The impact of enhanced urea clearance on platelet function during postdilution is unclear, as the influence of uremia on platelet function is complex. Decreased thromboxane A2 production, abnormal intracellular calcium mobilization, increased intracellular cyclic AMP and cyclic GMP and abnormal aggregability have all been described in uremic platelets and may all contribute to defective platelet function in uremic patients.21 In the present study, we studied only three markers of platelet activation: P selectin, GP53, and fibrinogen. We did not find a difference in the three activation markers studied during either predilution or postdilution. Apparently, the enhanced urea clearance during postdilution did not influence the studied markers of platelet activation. However, the influence of enhanced urea clearance on other determinants of platelet function was not studied.

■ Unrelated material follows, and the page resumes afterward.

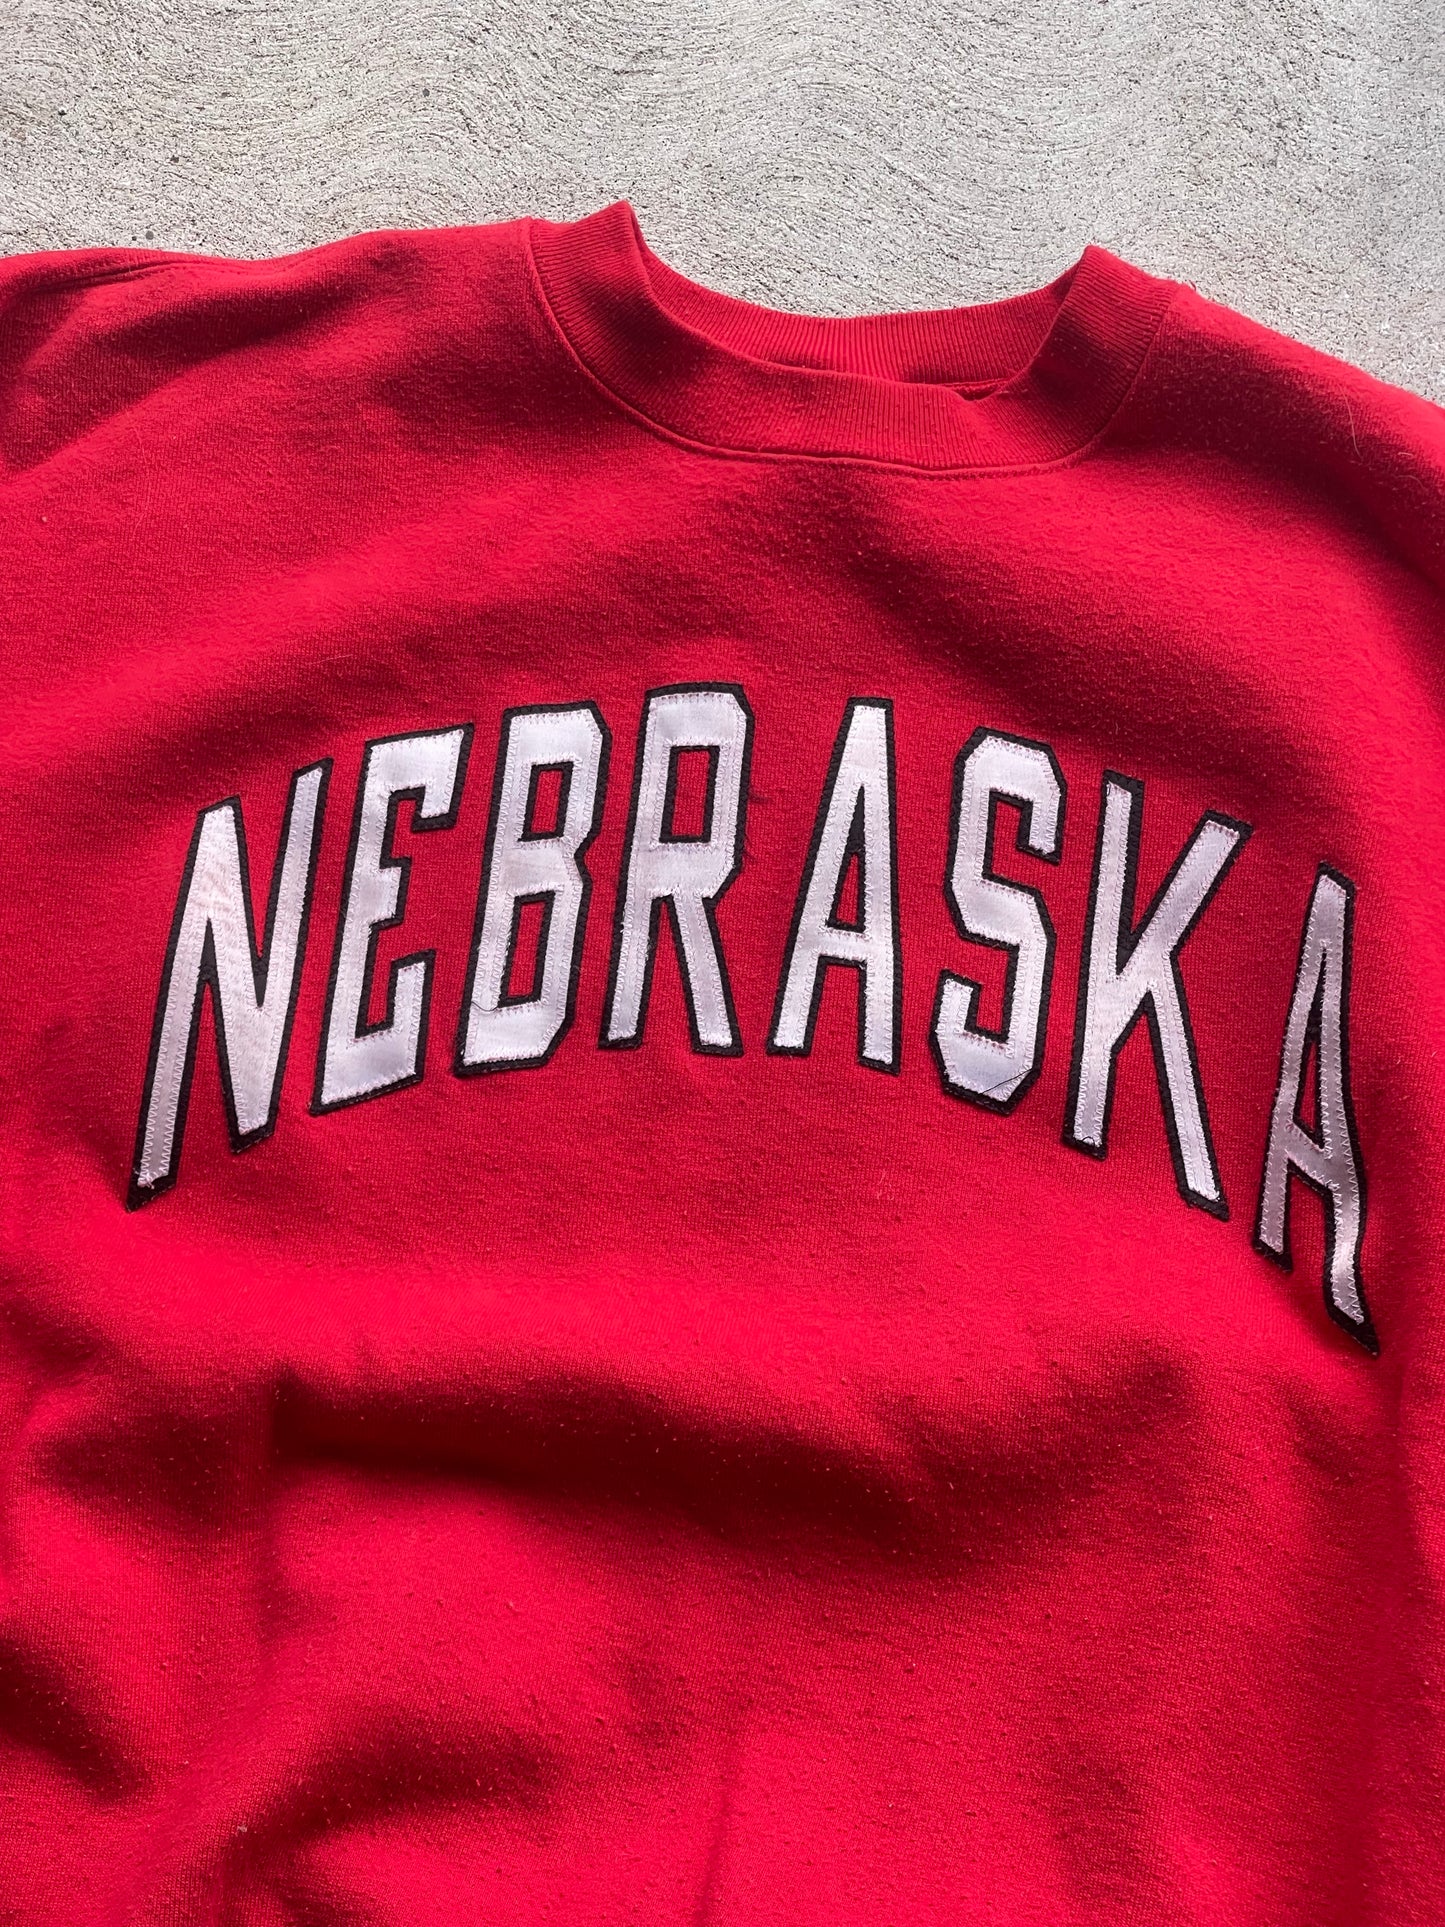 Vintage Nebraska Sweatshirt - L

Predilution and postdilution did not differ with respect to extracorporeal circuit thrombogenesis. During postdilution, extracorporeal circuit pressures were significantly higher and circuit survival time was inversely related with both baseline platelet count and maximal prefilter pressure. Moreover, a linear relation between the latter two parameters was demonstrated. This suggests that baseline platelet count has an important impact on maximal prefilter pressure and thus on circuit survival time during postdilution. For predilution, additional studies are needed to determine the optimal blood flow and substitution rate to obtain the highest clearance at the lowest rate of filter obstruction.